By Bernard Cornwell
Bernard Cornwell is a master of historical fiction, but Enemy of God may be his finest hour — a novel that takes the gilded myth of Camelot and strips it back to something rawer, muddier, and far more human. Picking up directly where The Winter King left off, Arthur stands at the height of his power, the warring British kingdoms uneasy but allied, the Saxon threat held at bay, and Mordred’s throne — that troublesome, lame boy-king whose claim Arthur has sworn to protect — temporarily secure. It should be a golden age. Cornwell, of course, has other ideas.
The novel is narrated in flashback by Derfel, Arthur’s warrior and confidant, now an old monk setting down his memories of a world long gone.
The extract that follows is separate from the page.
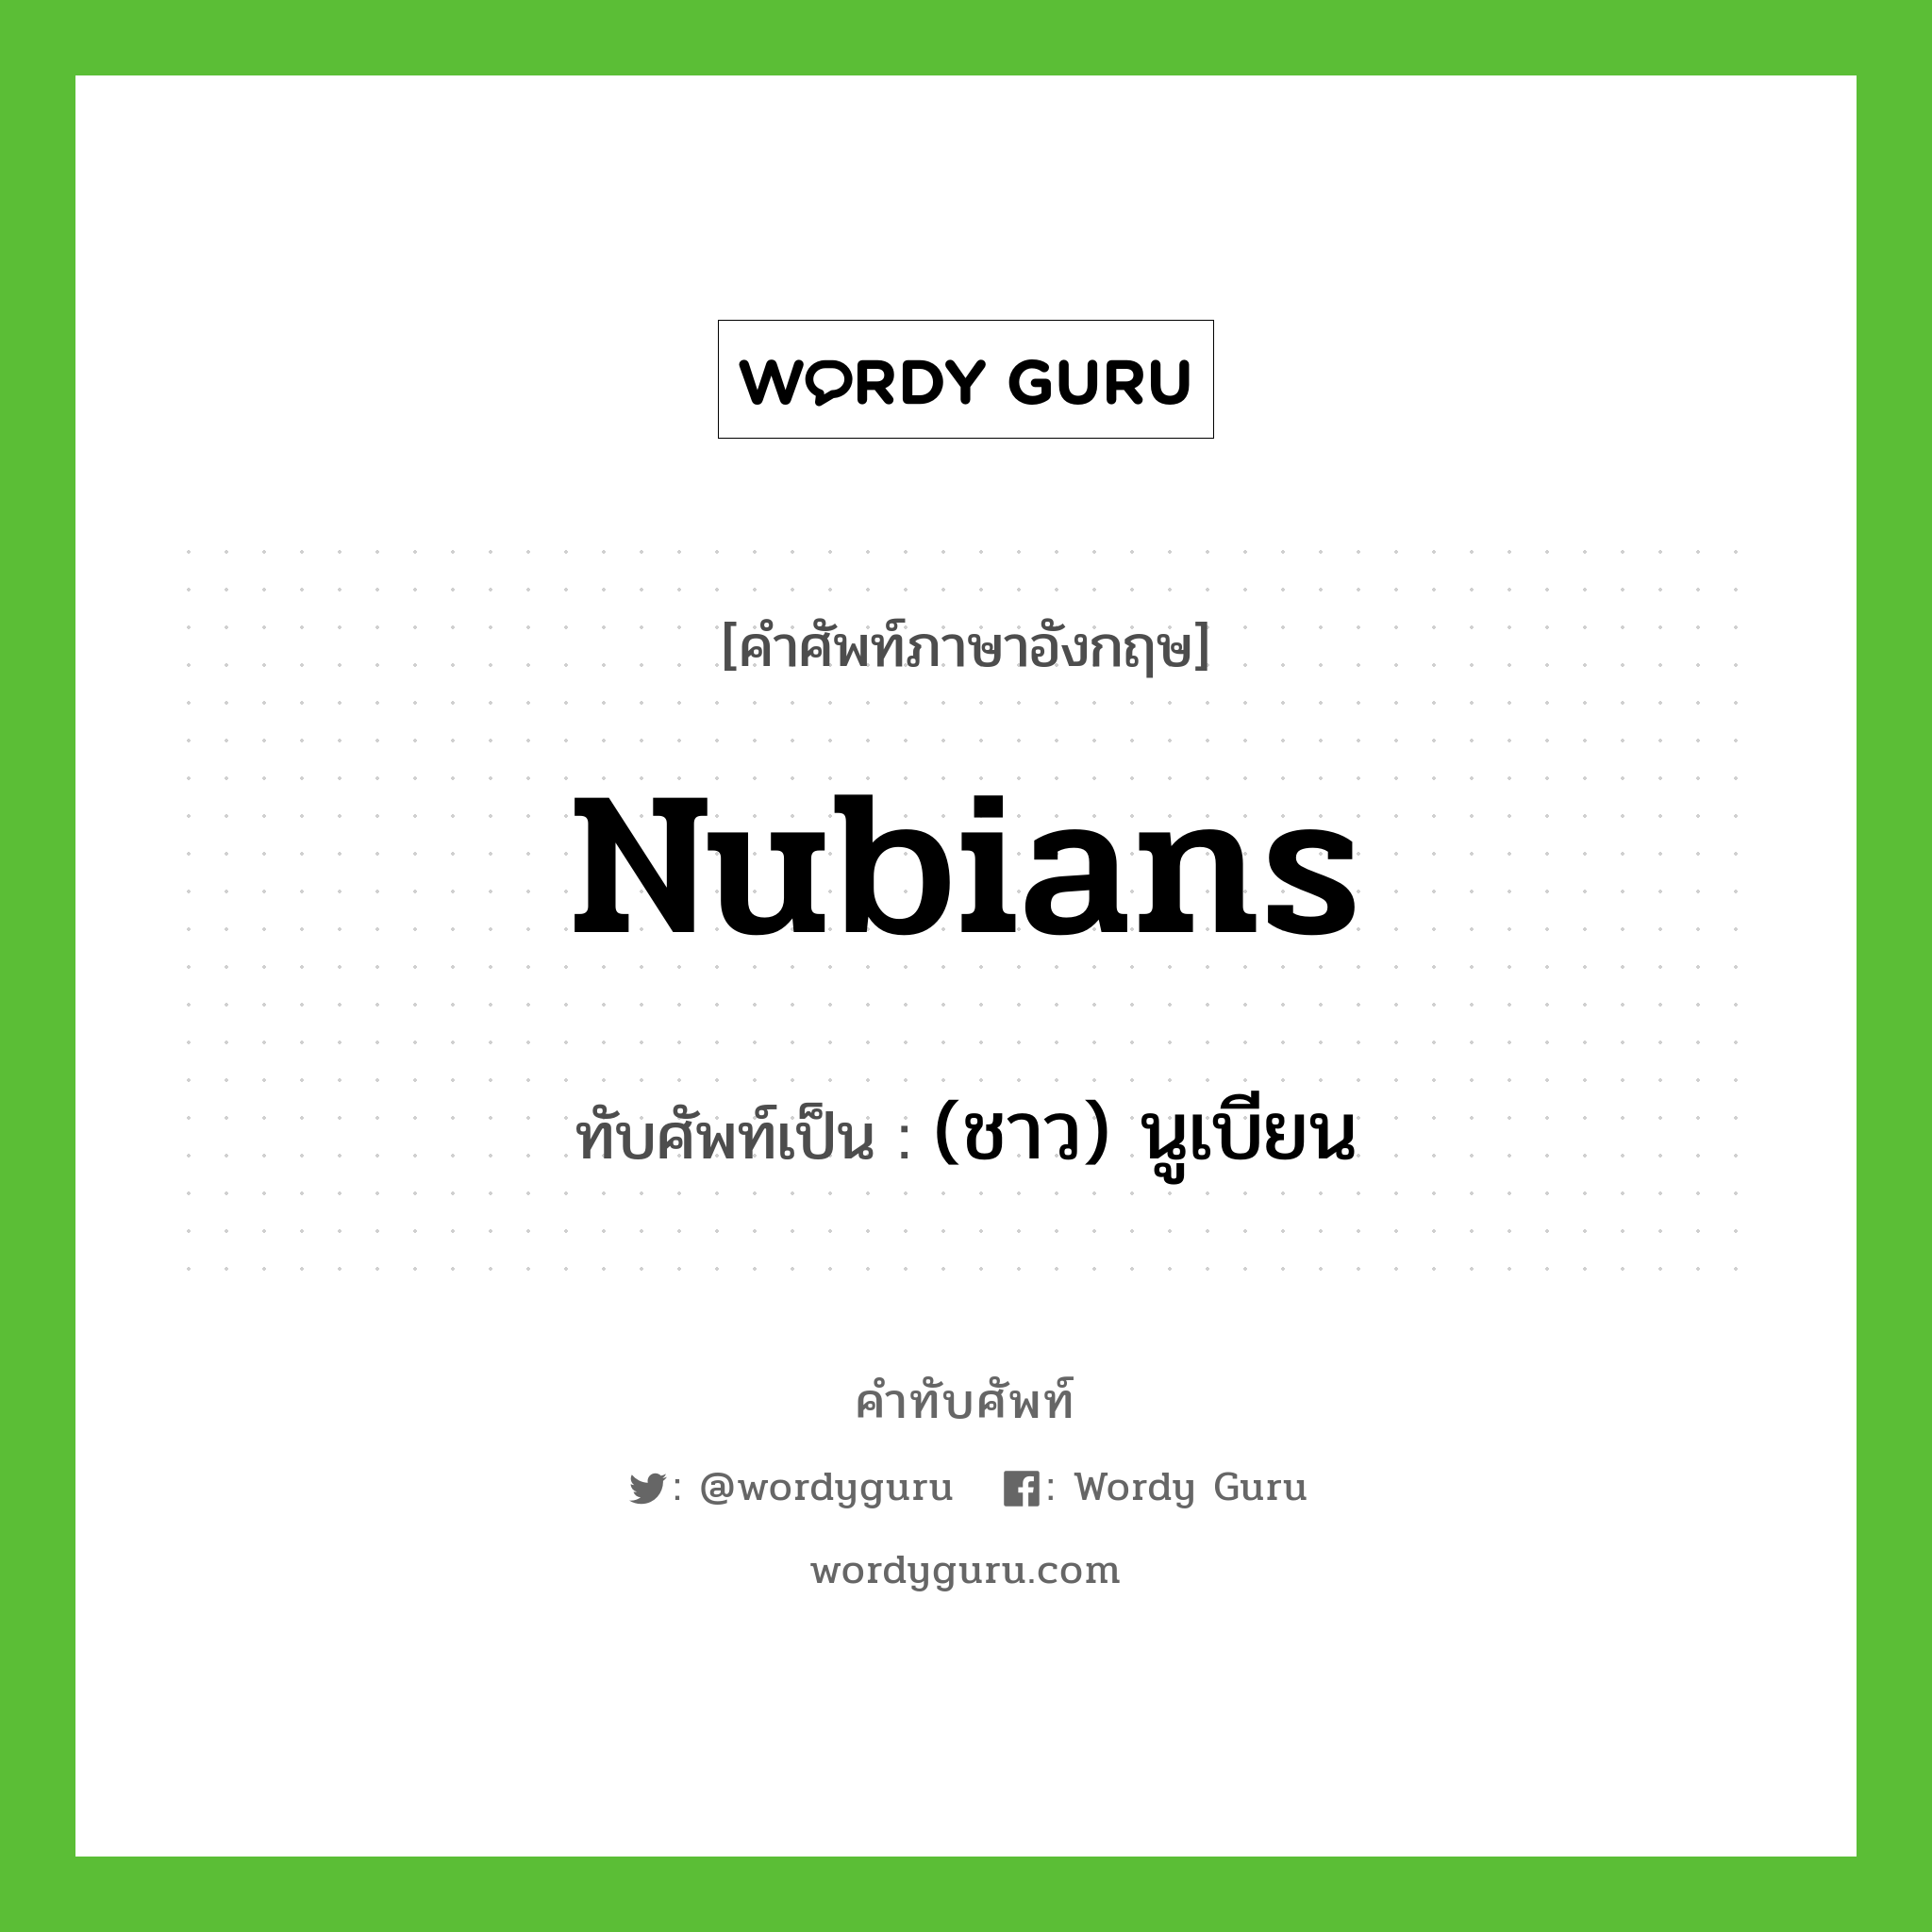 (ชาว) นูเบียน เขียนอย่างไร?, คำศัพท์ภาษาอังกฤษ (ชาว) นูเบียน ทับศัพท์เป็น Nubians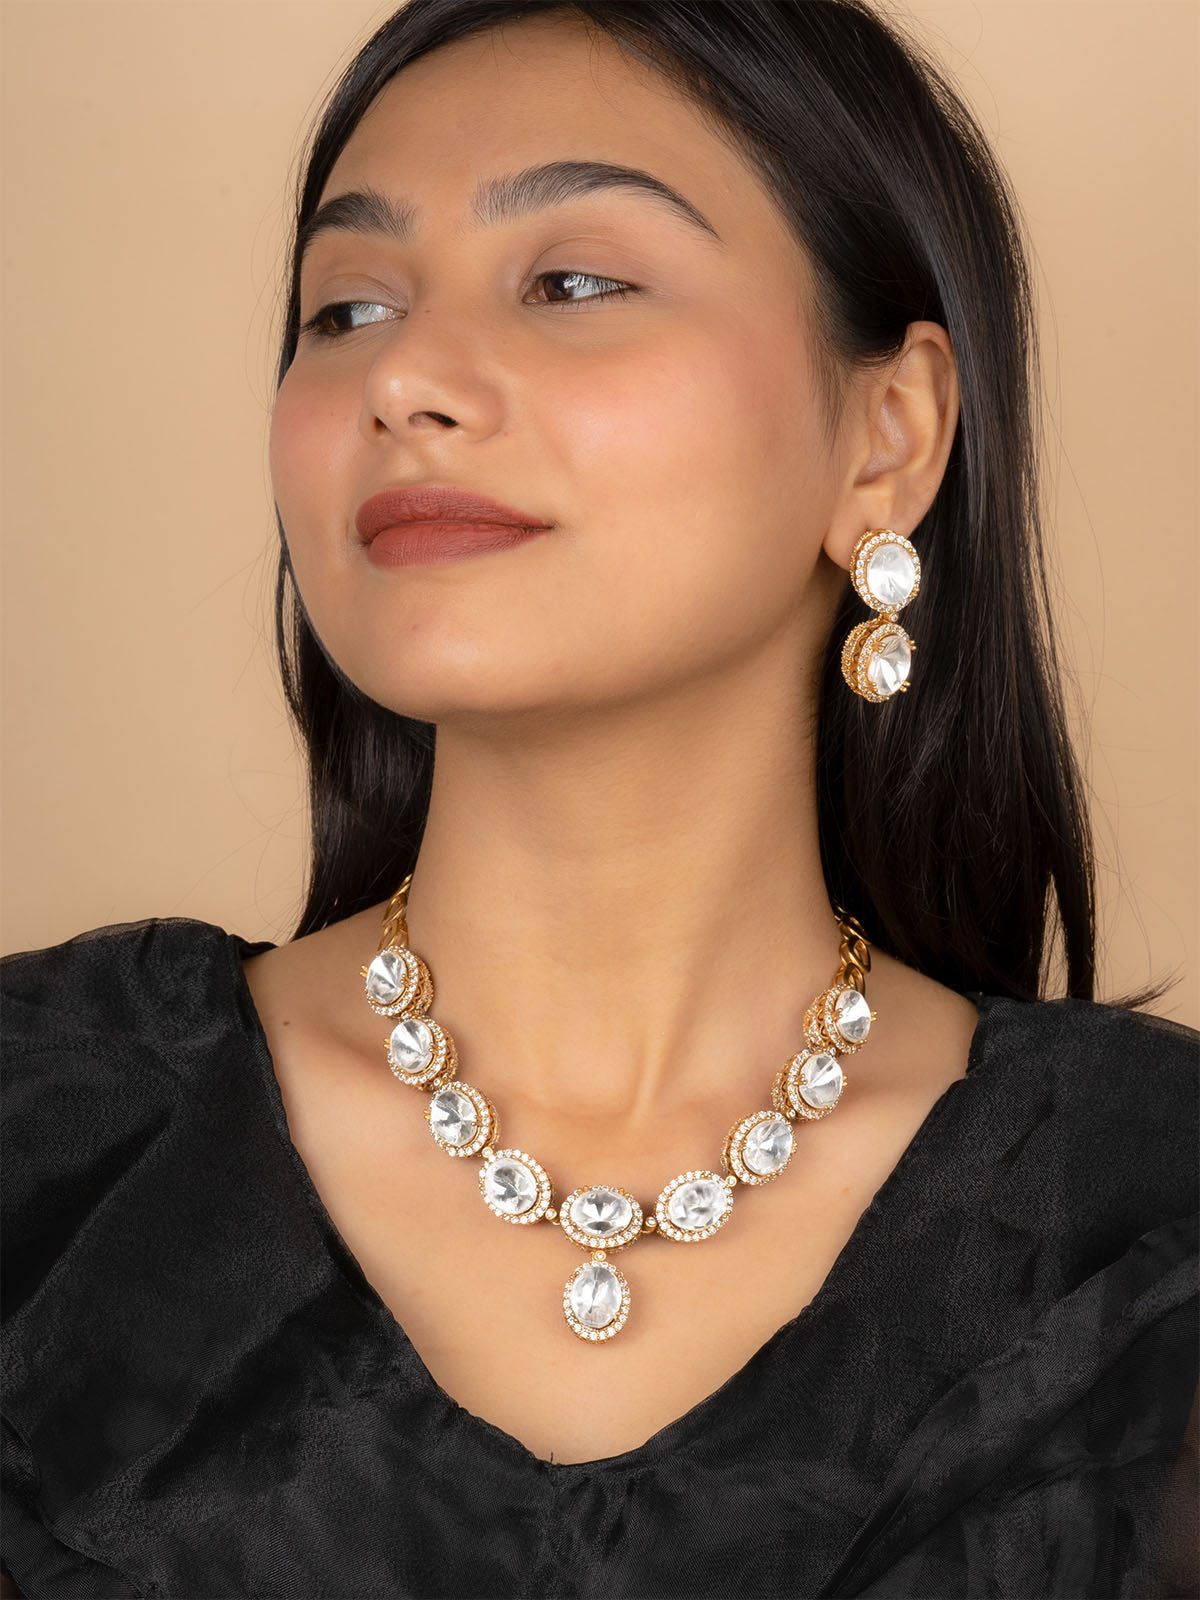 PK-S127 - White Color Faux Diamond Short Necklace Set

It is Cornwell’s genius to let Derfel tell the story with the weight of hindsight heavy on every sentence — hinting at catastrophes to come, at betrayals not yet named, but always threading through the darkness a sliver of stubborn, aching hope. One passage captures this perfectly. Derfel recalls a summer that looked, on the surface, like everything Arthur had fought for:
“Arthur was at the height of his powers, Merlin sunned himself in our garden with my three small daughters clamouring for stories, Ceinwyn was happy, Guinevere basked in her lovely new Sea Palace with its arcades and galleries and dark hidden temple, Lancelot seemed content in his kingdom by the sea, the Saxons fought each other, and Dumnonia was at peace. It was also, as I remember, a summer of utter misery. For it was the summer of Tristan and Iseult.”
That pivot — from apparent paradise to “utter misery” in a single breath — is Cornwell at his most precise. It is also, in miniature, the entire emotional architecture of the book.
At the heart of Enemy of God is Arthur’s almost tragic devotion to the rule of law and the sanctity of oaths — and the slow, devastating discovery of how few around him share that devotion. Lancelot, all gleaming reputation and hollow charm, reveals a treachery that cuts to the bone. Guinevere, brilliant and dangerous, is implicated in machinations that chip away at everything Arthur has built. And through it all, Arthur remains bound by his oath to protect young Mordred — a boy-king who inspires no loyalty, deserves little affection, and yet represents, for Arthur, the entire principle of legitimate order. It is a burden that is quietly destroying him. Meanwhile, Derfel’s discovery of his own father adds a deeply personal strand to the epic — a reminder that even in a story of kings and warlords, identity and belonging cut just as deep as any sword.
The world Cornwell builds around these characters crackles with conflict — Saxon pressure on the borders, bitter religious warfare between the old Druid ways and a Christianity that is politically ruthless and spiritually convenient, and the endless double-dealing of kings and chieftains who mouth the word “alliance” while sharpening their knives. This is the book where Arthur’s idealism begins to fracture, where the gap between the legend and the man starts to widen into something irreparable. The theme of oaths — who swears them, who keeps them, who weaponises them and who is destroyed by them — runs through every chapter like a dark thread, binding the characters together even as it tears them apart.
The audiobook narration by Jonathan Keeble is exceptional. His voice is muscular but mournful — perfectly calibrated for Derfel’s world-weary retelling from the far side of loss. Keeble understands that Derfel is not simply recounting events but mourning them, and he brings that weight to every scene without ever tipping into sentimentality. He picks up on Cornwell’s structural hints — the asides, the dark foreshadowings, the moments where Derfel’s composure almost breaks — and honours them with restraint and precision. His pacing is superb: knowing when to push forward through the battle scenes and when to let a quieter, more devastating moment breathe. If you have not encountered Keeble’s narration before, this is a masterclass.
Enemy of God is that rare thing — a sequel that surpasses its predecessor. Essential listening.